Guests by nationality: who visits Zermatt?

Story 88

In the 19th century, most travellers to Zermatt came from Great Britain. The reason for this was the important role played by the British in the discovery of the Alps. But how has the guest structure changed over the decades?  

English pioneers 

British adventurers and scientists played a pivotal role in “discovering” the Alps. During the “golden age of mountaineering” in the second half of the 19th century, English mountaineers with mountain guides from Valais and the Bern region were the first to climb the four-thousand-metre peaks. In 1856/57, more than 59% of guests came from Great Britain. Together with travellers from Germany, France, Italy, Austria and the Benelux countries, they accounted for 88 per cent of guests in Zermatt. In contrast, the number of Swiss guests was still very modest at 10%. 
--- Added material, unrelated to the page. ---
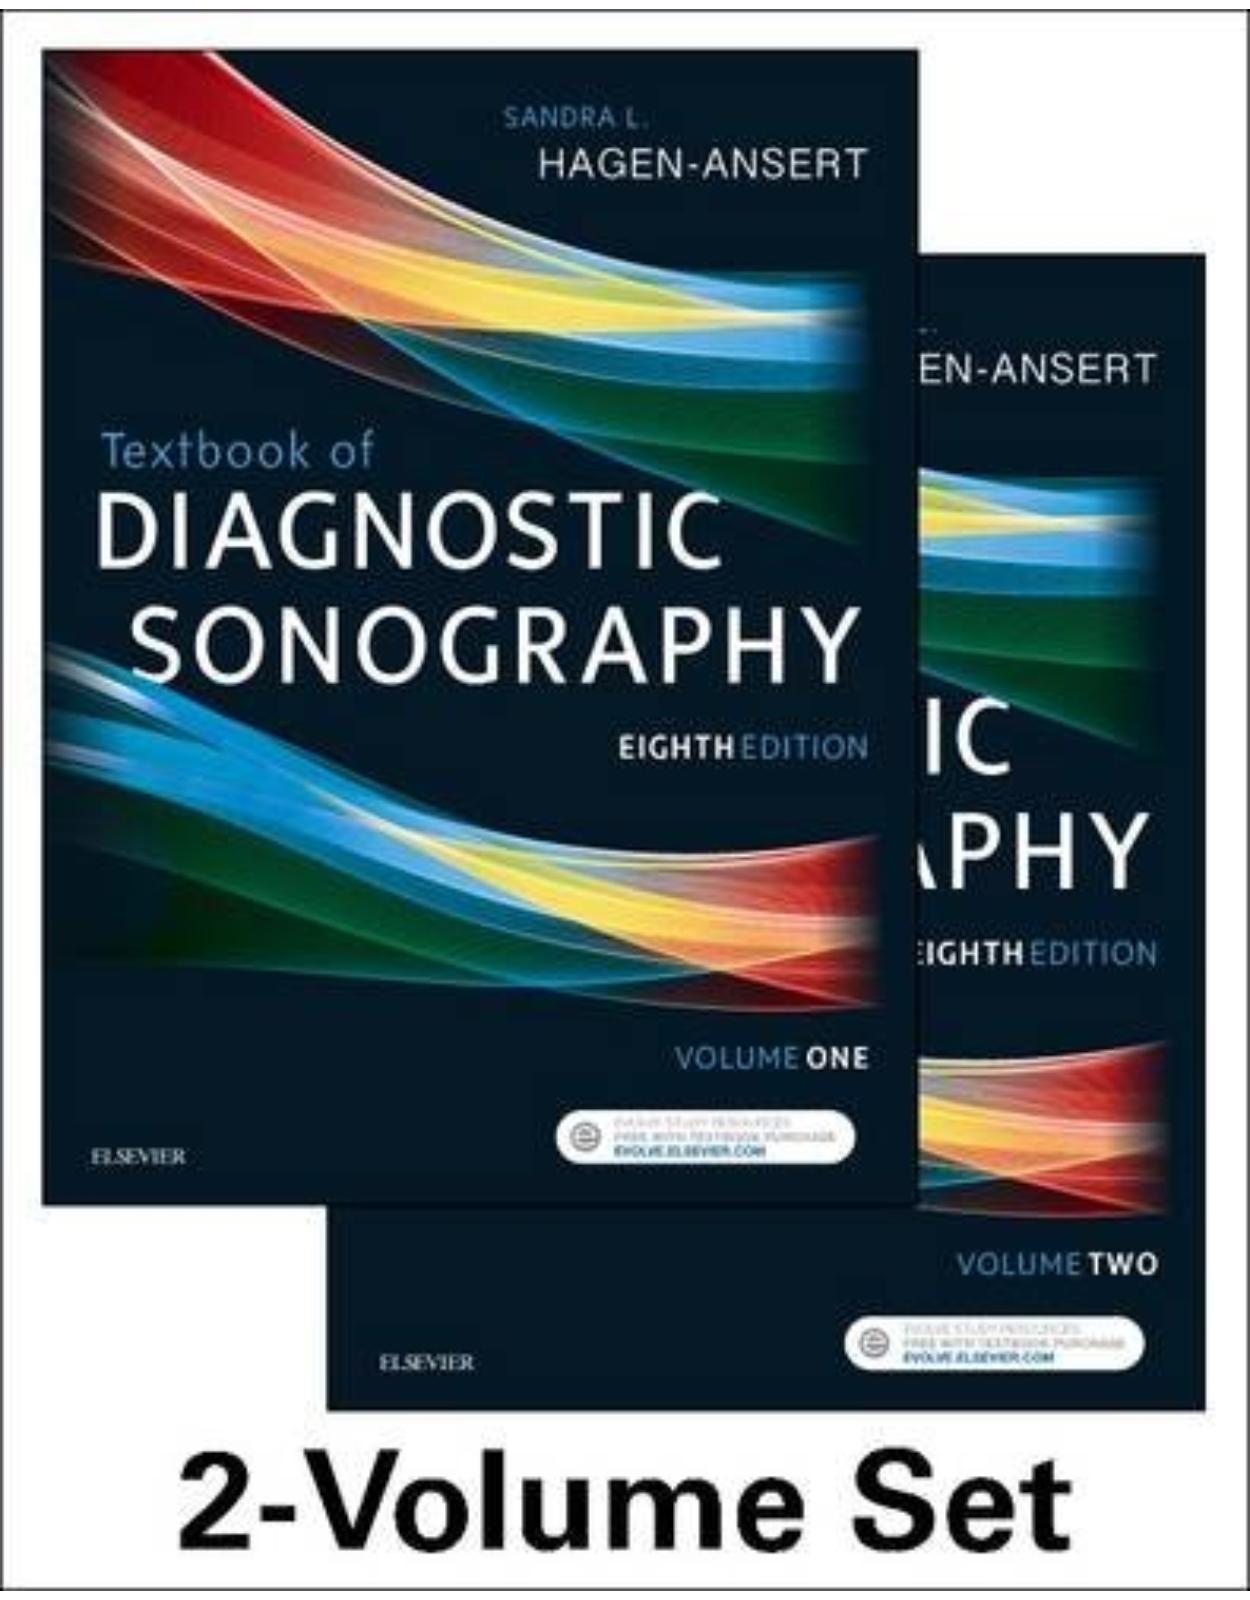 Textbook of Diagnostic Sonography, 8th Edition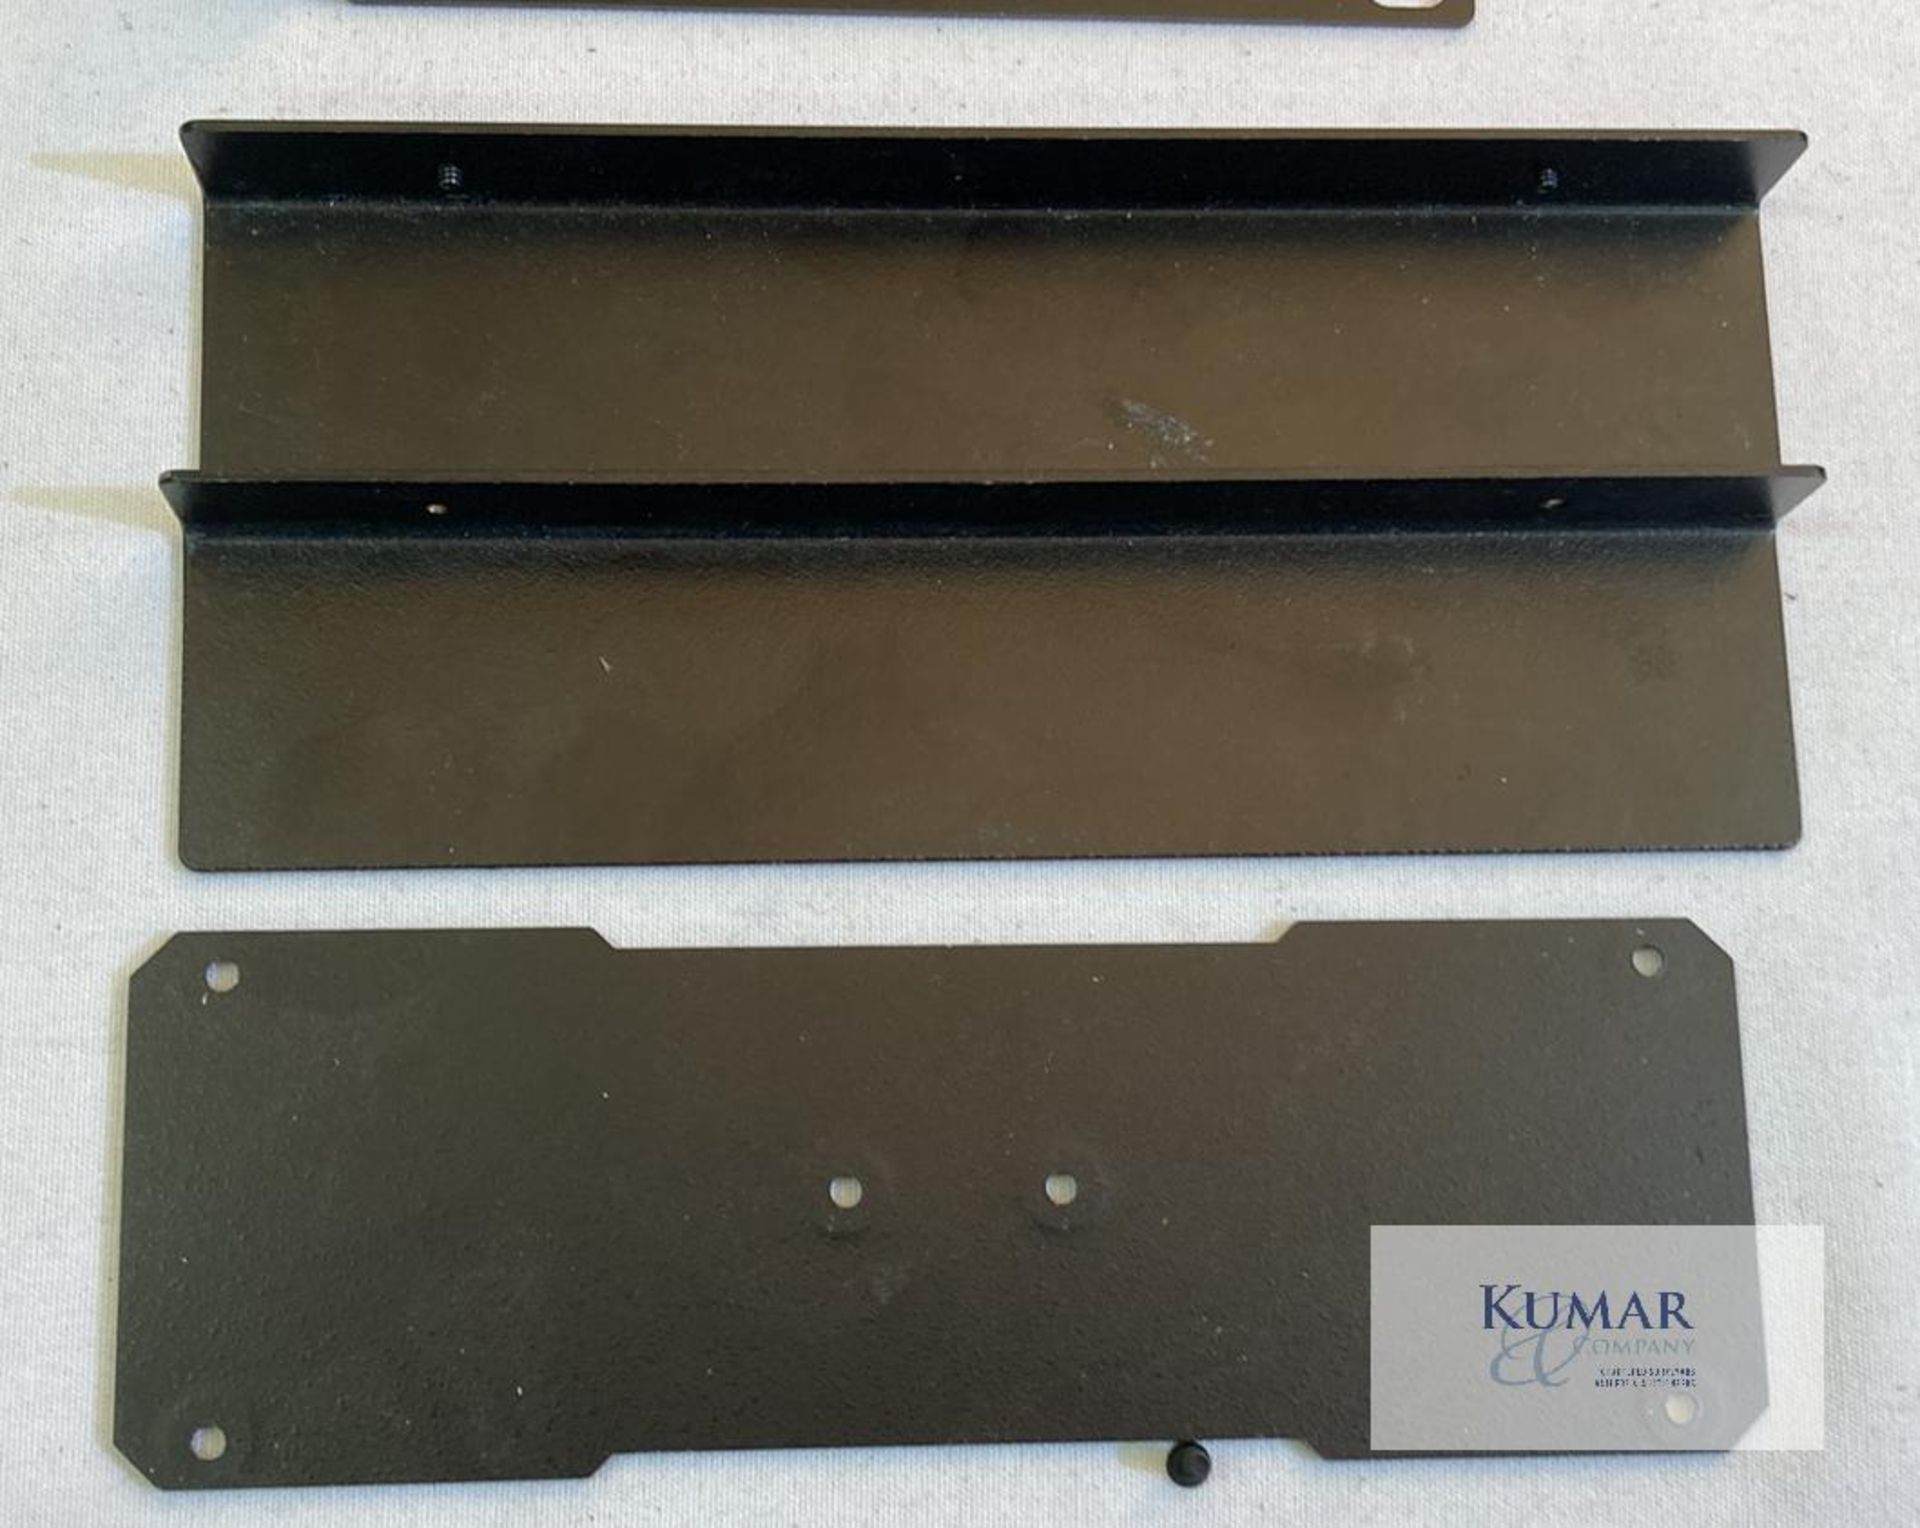 19" rack blanking plate and mounting assortment Description: Assortment of 19" blanking plates - Image 13 of 15

Opening of the Gornergrat Railway changes guest statistics 

Around 1900 – two years after the opening of the Gornergrat Railway – the number of visitors to Zermatt from Germany, France and the USA in particular increased. At 32%, however, the British remained the most important guest group in Zermatt. The proportion of Swiss people actually fell slightly to eight per cent. 

Continuous growth in the number of Swiss guests 

From 1910 onwards, the number of domestic guests increased steadily. With the advent of winter tourism and the expansion of the services offered by the Gornergrat Railway, more and more Swiss people travelled to Zermatt, with their share of visitor numbers growing to 47% in 1934.  

After the Second World War, many American soldiers spent their holidays in Switzerland and in Zermatt. This made Switzerland famous and it became a popular destination for travellers from the USA: in 1970, 30% of visitors to Zermatt came from North America. 

Growing internationality 

With the expansion of transport routes and the acceleration of travel, the internationality of the guests steadily increased, with Asian visitors in particular discovering Zermatt. 

Please note: for the comparability of statistics, the classification of origin as used in 1856 was retained.